SAN DIEGO (KGTV) – Some people have unmistakable characteristics and features that stand out.
"One of the things that everybody's been remarking is the smile and that laugh,” Captain John Clingingsmith Jr. of Cal Fire Riverside County Fire said.
That beaming smile you couldn't forget Clingingsmith said belonged to Captain Rebecca Marodi.
"She was always positive. She was never rude, mean or grumpy to anyone in any situation at all,” Clingingsmith said.
One of those situations was the Eaton fire in Altadena.
Marodi recorded video and described what she was seeing in a YouTube video for the division while she was fighting the fire.
On Clingingsmith's first day in the office, from returning from the LA fires and other duties, he got hit with the news no one wants to hear.
"As my computer was firing up, (I) saw one of the other PIOs in the office here had a badge shourd on and I asked, 'Who we were shrouding for,' and that's when she told me that the email had come out and it was Becky,” Clingingsmith said.
Marodi served over 30 years with Cal Fire mainly in Riverside as well as San Bernadino and San Diego Counties.

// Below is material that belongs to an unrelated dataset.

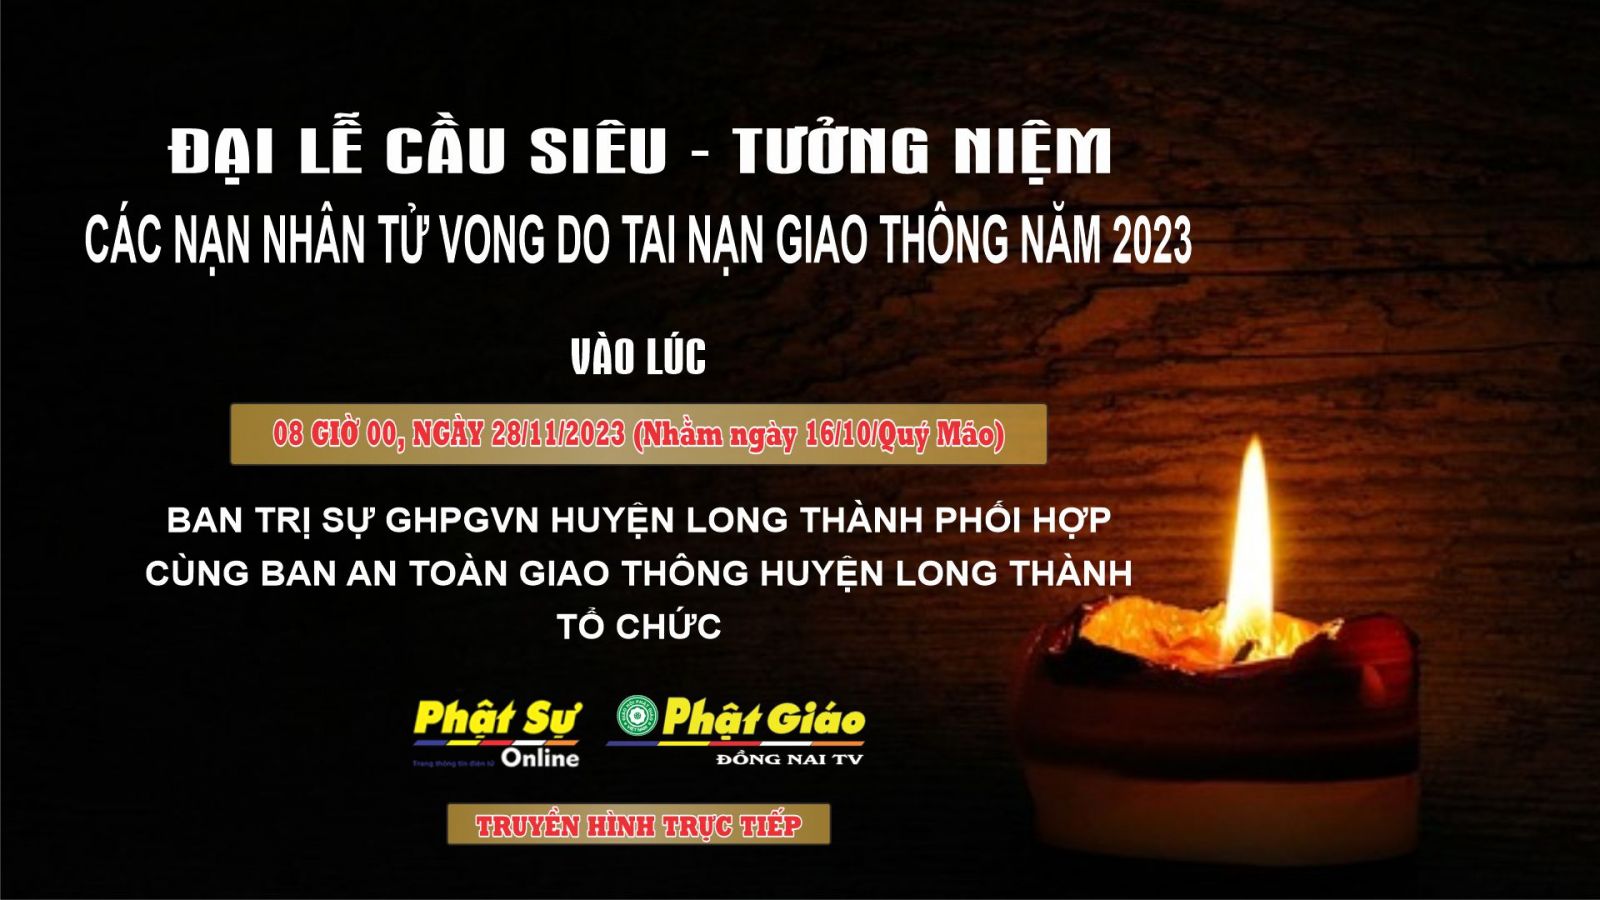 Trực tiếp: Ban Trị sự H. Long Thành tổ chức Đại lễ Cầu siêu các nạn nhân tử vong do TNGT - năm 2023

The San Diego County Sheriff’s Office said Marodi was found dead in her Ramona home Monday after being stabbed multiple times.
As we reported, the Sheriff’s Office is investigating this as a potential domestic violence case as there’s a possibility that Marodi and the attacker knew each other.

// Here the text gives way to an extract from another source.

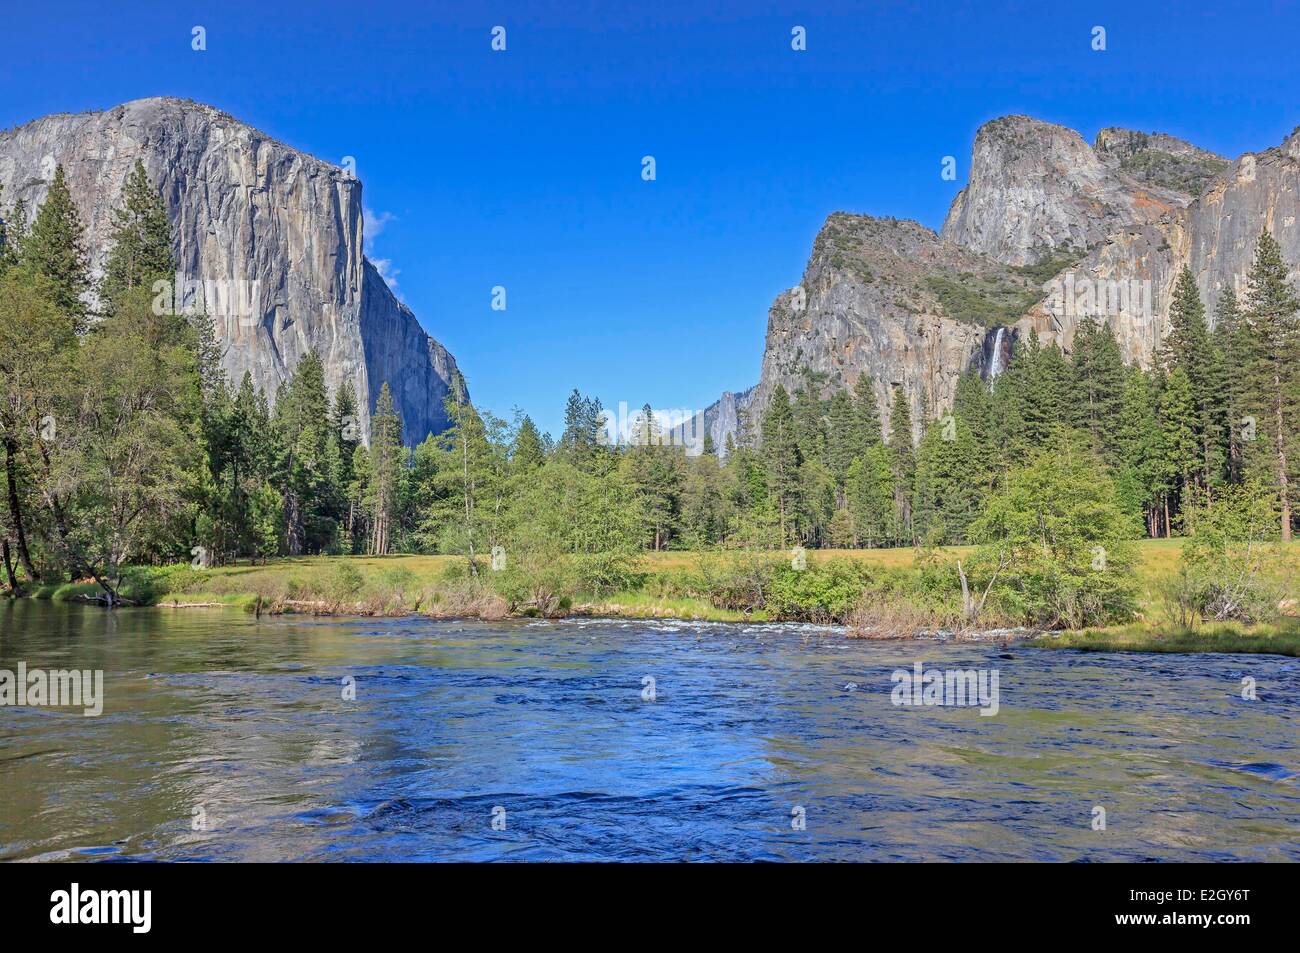 Stati Uniti California Sierra Nevada Parco Nazionale Yosemite elencati come patrimonio mondiale dall' UNESCO Yosemite Valley Merced River con El Capitan sulla sinistra e Bridalveil cadere sulla destra Foto Stock

“Any time we lose any of us it’s really hard,” Clingingsmith said.
Clingingsmith says he and Marodi had conversations about retirement, which she told him could be as early as this year.
She had worked on engines, the hazmat unit, dispatch center and peer support in her time with Cal Fire.
“About the first of the year, we had another member who had passed away. And she was there with peer support going around all the stations, just as our peer support is doing now,” Clingingsmith said. “That’s a tough one for a lot of our people to handle is they know that she would normally be the one at the station checking in on everyone, seeing how everyone was doing.”
A positive soul taken too soon and one not soon forgotten.
“With Becky’s case, you know, being so close to retirement and just the person that she was, I think is going to be one of the harder things to for people to take a litte longer to get over,” Clingingsmith said.